5. Curve shifting, finally

PyCS makes it very easy to compare different point estimators. You can also add your own, without much code integration or inheritance. You would simply have to provide a python function that shifts instances of the lightcurve class. High level functions are provided to run these point estimators on both real observations and the synthetic curves. This can be done in parallel on several CPUs, again using a very low tech approach.

For tuto : If only the curve shifting methods where picklable, it would be trivial to use multiprocessing here.

This section describes how to do a first optimization of the time shifts (and of course the microlensing) so that the lightcurves of different QSO images “match”.

Getting accurate time delay estimations (including the error analysis) is described in the next section.

We assume here that you have some curves (e.g. two, or four), nicely prepared according to the previous steps of this tutorial. Save these nicely merged curves into a pkl, as described earlier.

5.1. The dispersion optimizer

Optimizers are functions that take a list of lightcurves as only argument, and shift these curves (potentially also adjusting the microlensing) so that they match.

Next to your scripts, make a new file called for instance myopt.py and fill it with the following content :

import pycs.disp.disps
import pycs.disp.topopt

rawdispersionmethod = lambda lc1, lc2 : pycs.disp.disps.linintnp(lc1, lc2, interpdist = 30.0)
dispersionmethod = lambda lc1, lc2 : pycs.disp.disps.symmetrize(lc1, lc2, rawdispersionmethod)

def disp(lcs):
        return pycs.disp.topopt.opt_full(lcs, rawdispersionmethod, nit=5, verbose=True)

In this file you will set up all the “optimizers”. Indeed some of them need to be adjusted for each individual lens.

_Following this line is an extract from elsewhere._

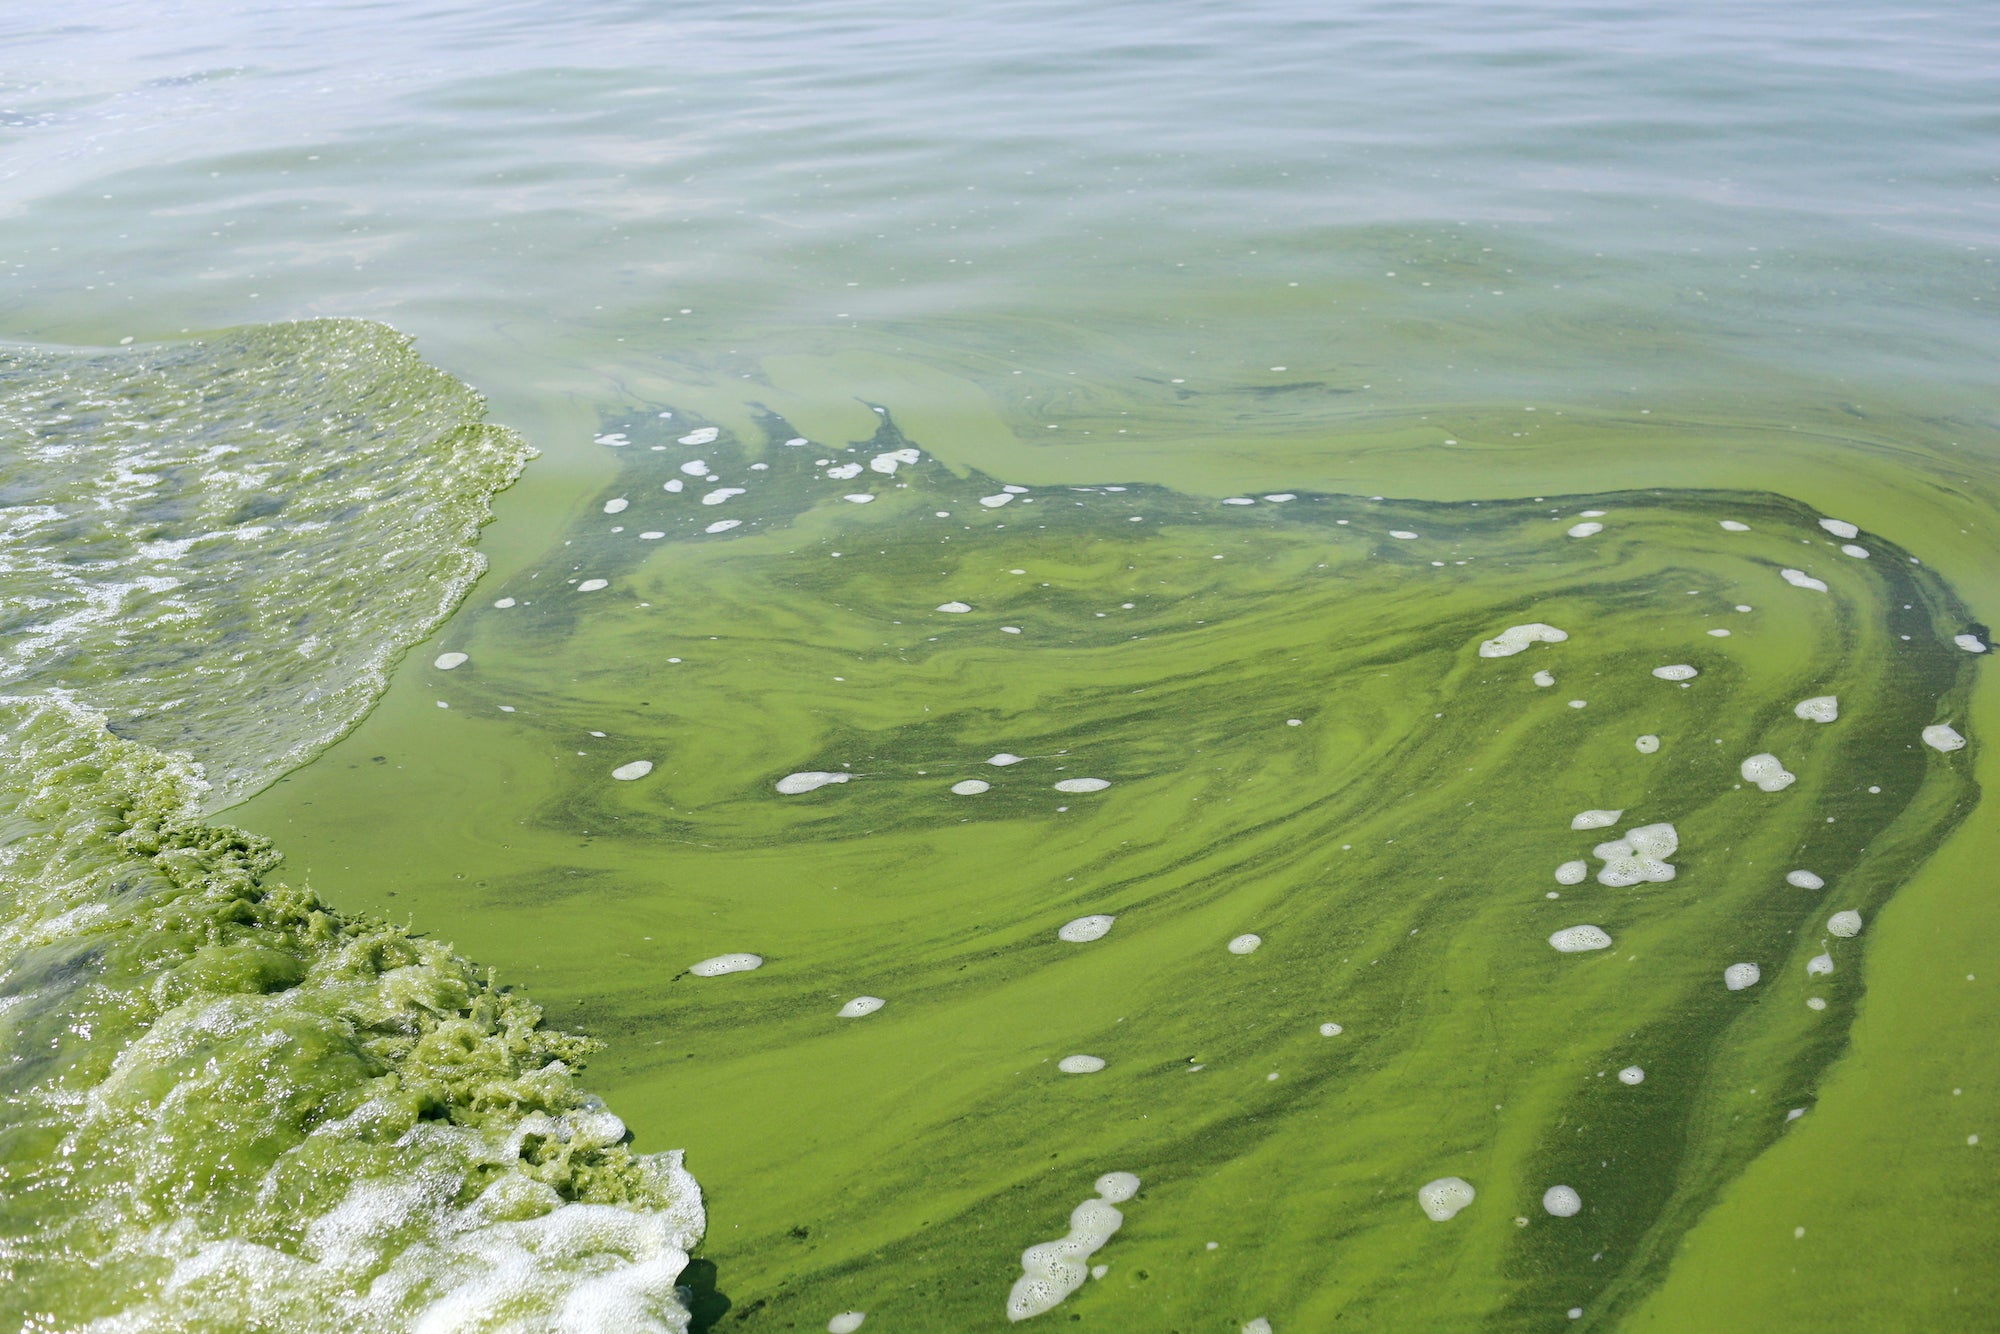 Bluegreen algae toxic levels found in South Jersey pond WHYY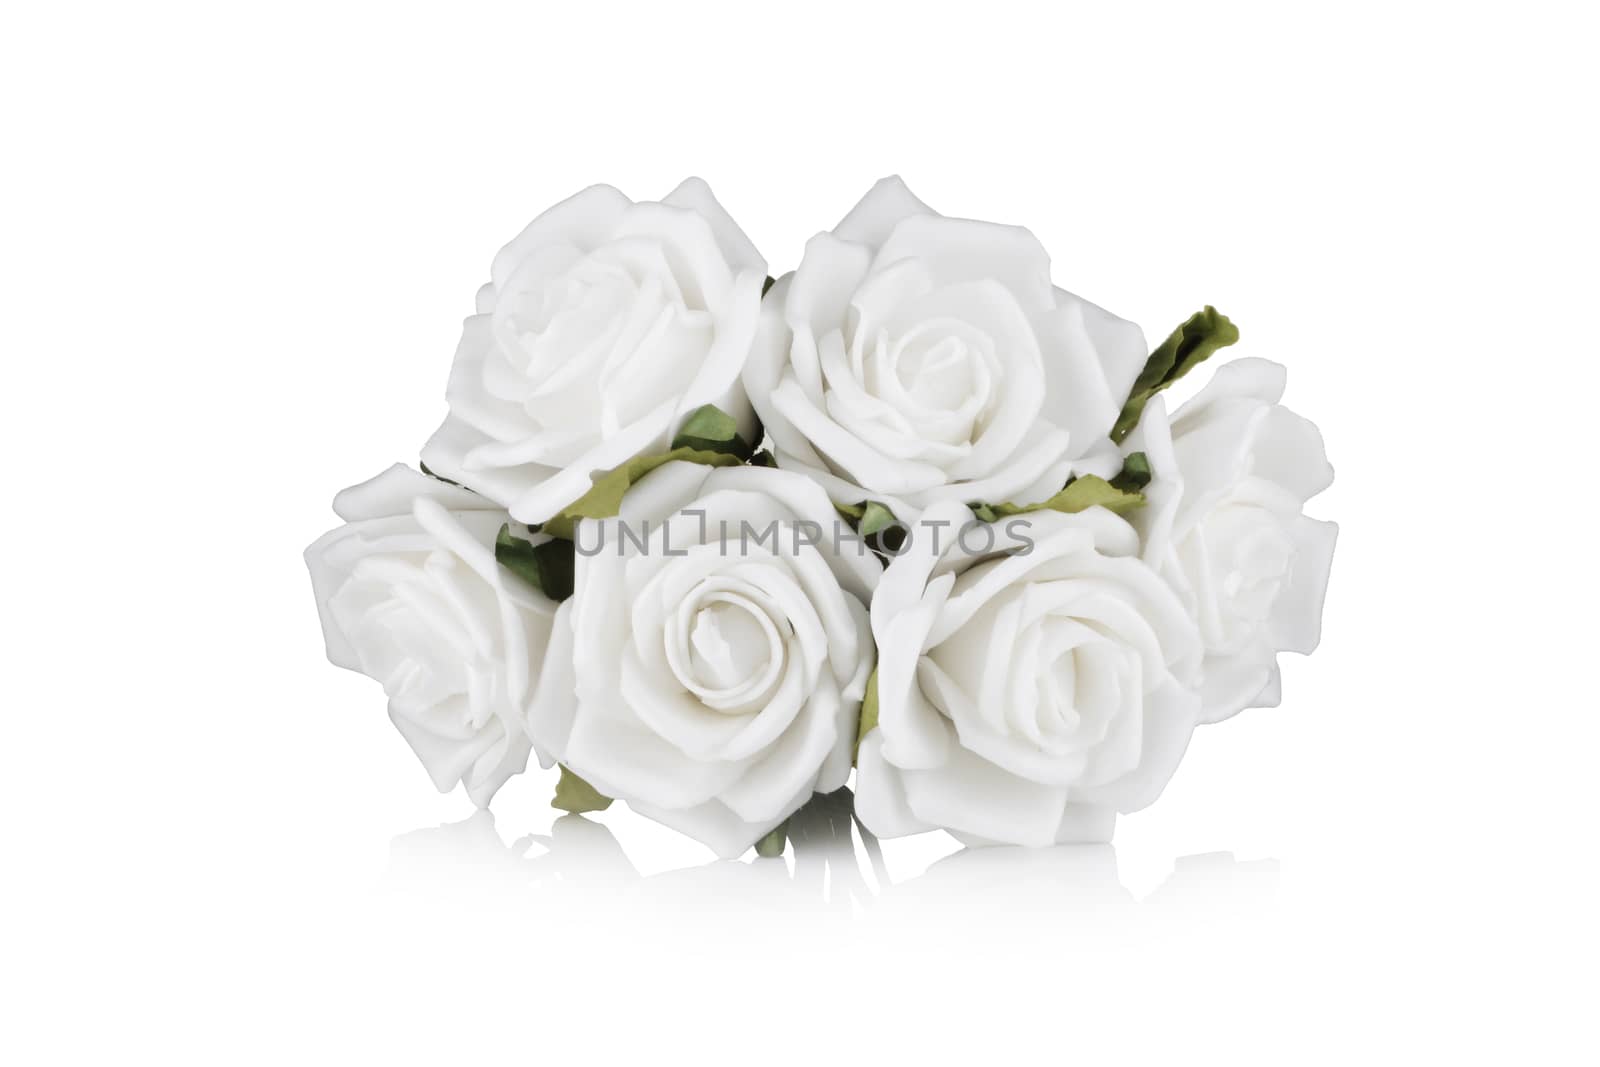 White paper roses on white with reflection by VivacityImages

From within your scripts, you can now import myopt and use these functions. This will make things easier later.

The function myopt.disp that you just defined is such an “optimizer”. As you see it relies on existing optimizers, in this case pycs.disp.topopt.opt_full() (where full typically means that both time shifts and microlensing will get optimized). In fact your disp is just a one-line wrapper around this opt_full in this case, but it is useful to explicitly define it, as this will allow you to adjust some optimizer parameters so that it works best for your particular curve. OK for this simple first optimizer we don’t have many parameters, just nit, a number or iterations. But other optimizers might leave much more room for adjustments.

Let’s try this optimizer. First, we will have to equip the curves with some simple microlensing representations (start with simple polynoms across the full curves, to get a minimum amount of parameters). Then, we shift them :

import pycs.gen.util
import myopt

lcs = pycs.gen.util.readpickle("merged.pkl") # Some cleaned and merged curves.
# Let's assume you have a double lens. Thus, lcs is a list of two lightcurve objects.

# We put some microlensing on one of the curves (simple polynoms in this case) :
pycs.gen.polyml.addtolc(lcs[1], nparams=1, autoseasonsgap = 60.0)

# And shift them !
myopt.disp(lcs)

pycs.gen.lc.display(lcs, showdates=True)

While they try to be robust and global, the optimizers are not made to find large delays by themselves, nor to discover delays that are not visible “by eye”. They might fail if the initial timeshifts are too far off. So if you see the delay, simply roughly set some time shifts before calling the optimizers. For instance,

lcs[3].shifttime(-90)

You can also perfectly do this already at the end of your importation / merging script, so that it gets saved into the pickle.

Now that some time shifts are set or optimized, you can also retry this :

print pycs.gen.lc.getnicetimedelays(lcs, separator = " | ")

5.2. The spline optimizer

The idea here is to fit one single spline (representing the “intrinsic” variation of the QSO) to all your curves, shifting the latter so that the chi2 between all the datapoints and this single spline is minimal.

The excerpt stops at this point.